Authorizing here is an admin-level step that verifies your GitHub OAuth app is correctly configured. Each end user will still complete their own GitHub authorization the first time they invoke a tool.

Connect your MCP client

To test the Gateway, you'll need to use a client that supports CIMD. That rules out the MCP Inspector. Fortunately, both VS Code and Claude Code do, hosting their CIMDs here and here respectively. Let's use VS Code.

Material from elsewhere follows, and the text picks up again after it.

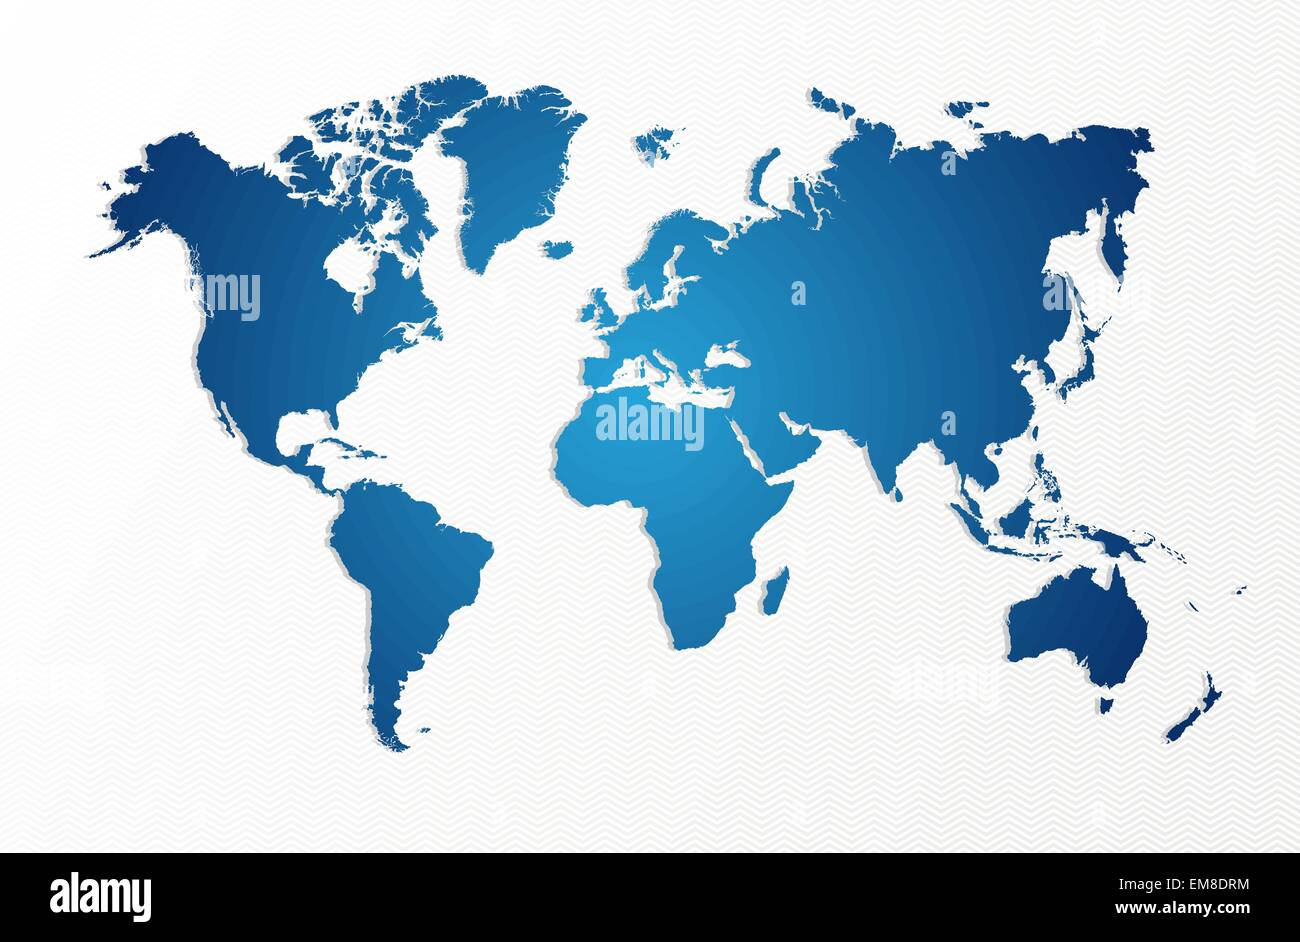 Blue World map isolated shape EPS10 vector file. - Stock Image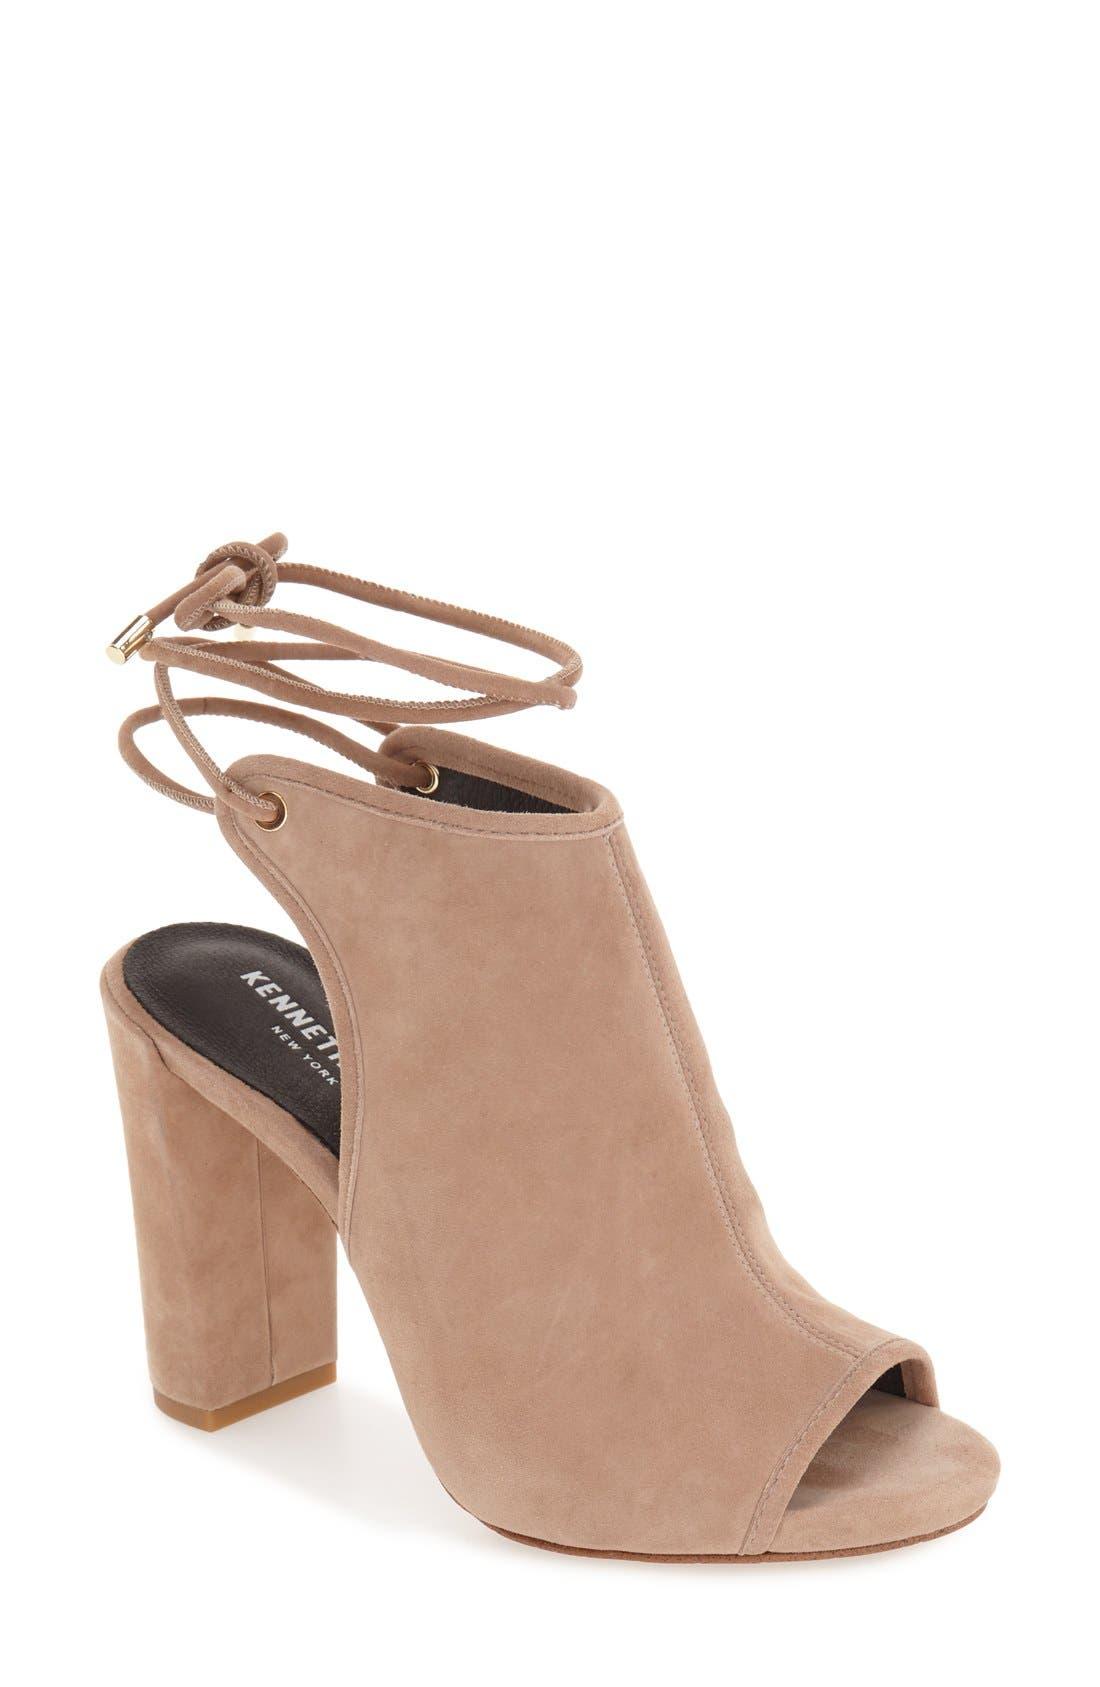 Alternate Image 1 Selected - Kenneth Cole New York Darla Block Heel Sandal (Women)

You might want to use a different GitHub account from the one with which you completed the admin authorization. The reason is, as we alluded to earlier, if we make a tool call and the Gateway already has a saved token for the gateway/user pair, we might not see the full initial setup, including the elicitation. So use a different GitHub profile and accompanying Okta account to complete the steps below:

  1. Create an mcp.json at .vscode/mcp.json in an active VS Code workspace
  2. Set it up as in the example shown earlier, replacing the url with your proxy's url
  3. Click Start and complete the OAuth flow
  4. Once VS Code completes initialization and caches the tools advertised by AgentCore Gateway, make a tool call. A good candidate would be get_my_user_profile
  5. You should see the elicitation response pop up. Follow the prompts to grant consent
  6. Once consent is completed, make the tool call again
  7. Profit

Where to go from here

You now have a single MCP gateway endpoint protected by Okta and your users can use it to call downstream MCP servers like GitHub's. From here, adding other MCP server targets would be a natural next step. As you do this, consider whether your organization might benefit from coupling AgentCore Gateway with AgentCore Agent Registry to provide your end users with a one stop discovery shop for all things AI - MCPs, skills, and even Agents.

Or you might want to stay on the security train and invest in some hardening with Okta Authentication Policies or AgentCore Policies. Whatever you do, remember the field moves fast so make sure you're keeping up with new releases. Who knows, maybe sometime soon, we won't need a proxy anymore and AgentCore Gateway will ship with a full-on CIMD compatible authorization server.